Cloudflare Cache For Crawlers
Why we cache bots
Search and AI crawlers make thousands of anonymous GET/HEAD hits against tenant storefronts. Every request used to traverse Caddy → Cloudflare → API Gateway → farfalla, forcing us to render full HTML repeatedly. Enabling cache at Cloudflare means those bots now receive a four-hour cached copy, while regular browsers bypass cache because their user agents do not match the crawler allow-list.
Current rule
- Ruleset:
http_request_cache_settings→ rule243fedab25584185a62473f4b68b16c9 - Match:
http.host contains "farfalla-entry-point.publica.la"and UA matches one ofAmazonbot|Anchor Browser|Applebot|archive.org_bot|bingbot|Bytespider|CCBot|ChatGPT-User|ClaudeBot|Claude-SearchBot|Claude-User|DuckAssistBot|FacebookBot|Googlebot|Google-CloudVertexBot|GPTBot|meta-externalagent|meta-externalfetcher|MistralAI-User|Novellum|OAI-SearchBot|PerplexityBot|Perplexity-User|PetalBot|ProRataInc|Timpibot - Action:
set_cache_settingscache: true,origin_cache_control: false,origin_error_page_passthru: trueedge_ttl.mode: override_origin,edge_ttl.default: 14400seconds (4 h)- Cache key uses the origin host/path/query + Geo dimension (per-country). Language dimension is currently disabled, so multilingual HTML should include locale in the URL itself.

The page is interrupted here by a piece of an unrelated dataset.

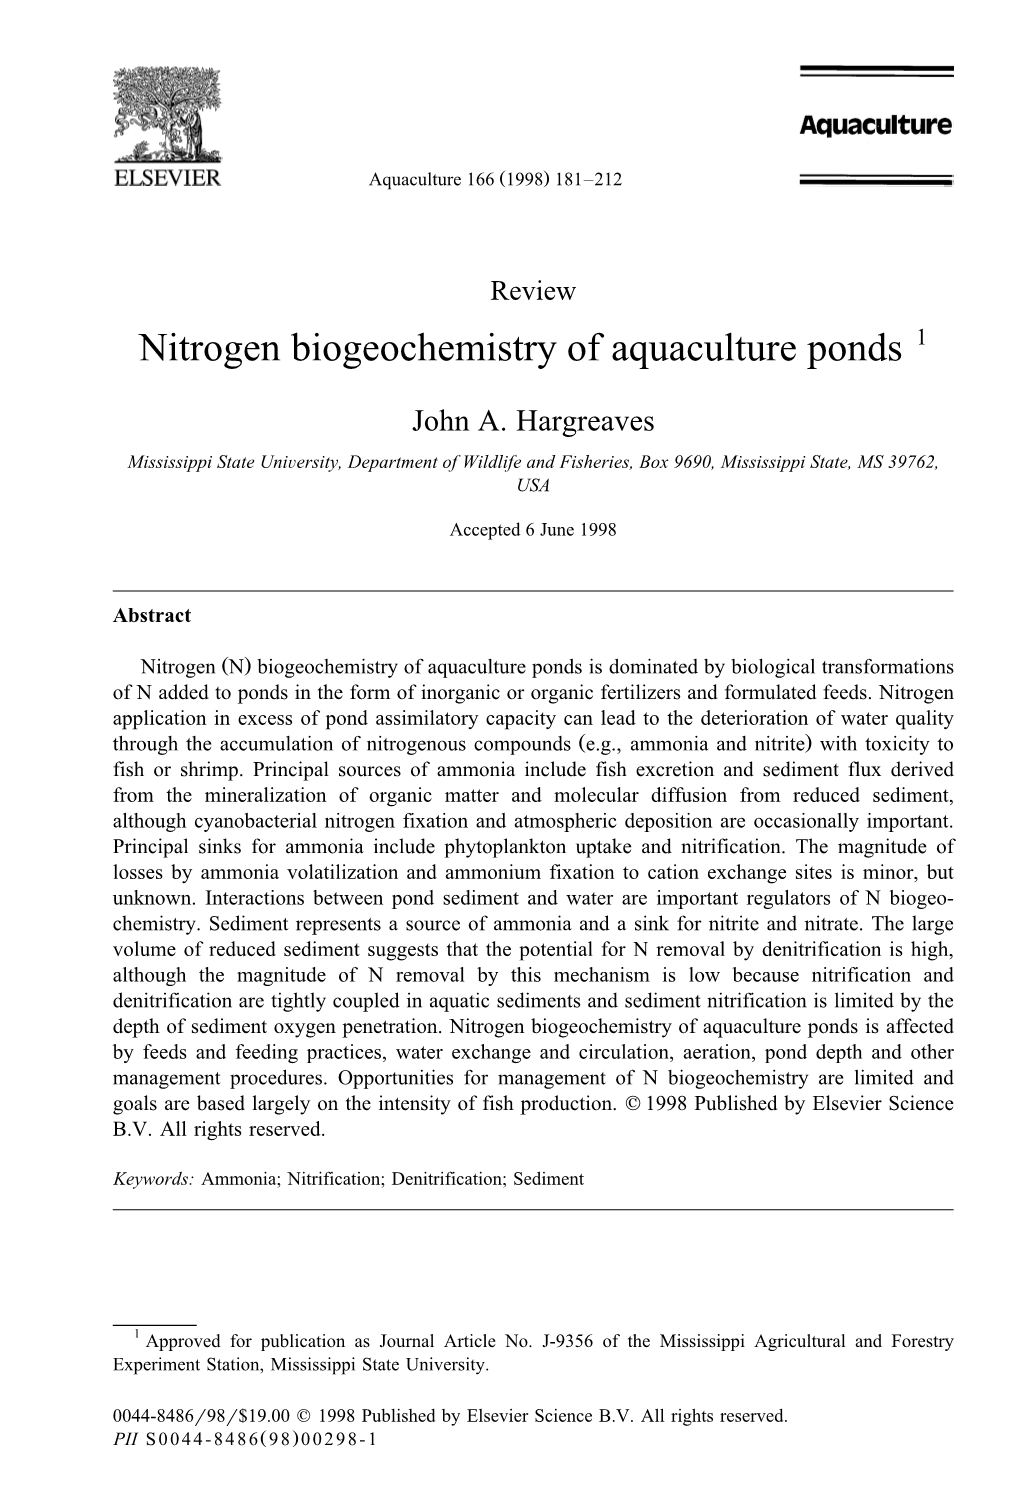 Nitrogen Biogeochemistry of Aquaculture Ponds 1

Because Caddy always proxies tenant domains to farfalla-entry-point.publica.la, this filter applies to every storefront hostname even though Cloudflare technically only sees the internal host header.
Operational notes
- Testing: Use
CF-Cache-Statusheaders while hitting a tenant domain with one of the bot user agents (e.g.,curl -A GPTBot https://tenant-domain/library). ExpectMISS→HITafter the first request. - Purging: Invalidate specific URLs when content changes faster than four hours using
curl -X POST .../purge_cachewithfilespayload, or rely on farfalla’s existing purge hooks. - API snapshot: Fetch the live JSON anytime:
export CF_API_TOKEN=...
ZONE_ID="$(curl -s -H "Authorization: Bearer $CF_API_TOKEN" "https://api.cloudflare.com/client/v4/zones?name=publica.la" | jq -r '.result[0].id')"

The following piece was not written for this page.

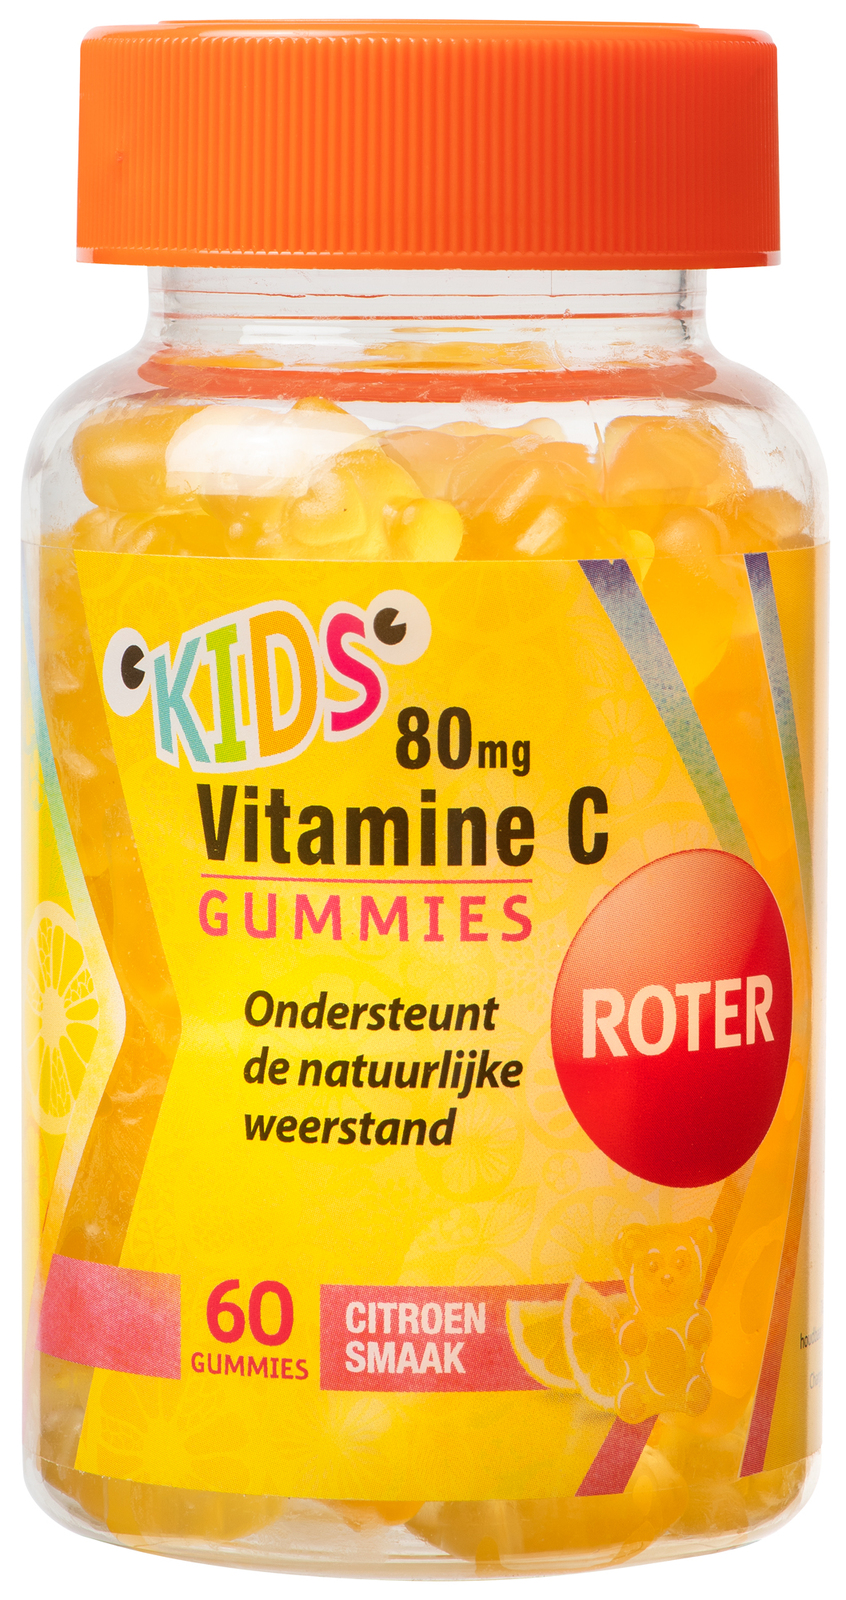 Roter 80mg Vitamine C Gummies Kids

curl -s -H "Authorization: Bearer $CF_API_TOKEN" "https://api.cloudflare.com/client/v4/zones/$ZONE_ID/rulesets/56902a1ea0f64980a5dc883c2e602096" |
jq '.result.rules[] | select(.id=="243fedab25584185a62473f4b68b16c9")'
- Adjusting TTL: Increase
edge_ttl.defaultif cache hit ratio is high and purge automation is reliable. Drop it if crawlers complain about stale HTML. - Future exclusions: If bots can reach any authenticated or dynamic views (admin, checkout, preview, API), extend the rule expression with
not starts_with(http.request.uri.path, "/admin"), etc., before enabling cache there.
Troubleshooting checklist
- Cache miss for bots → confirm user agent string exactly matches one of the listed tokens.
- Bots still blocked → ensure WAF/firewall rules are not blocking those UAs on the proxy hostname.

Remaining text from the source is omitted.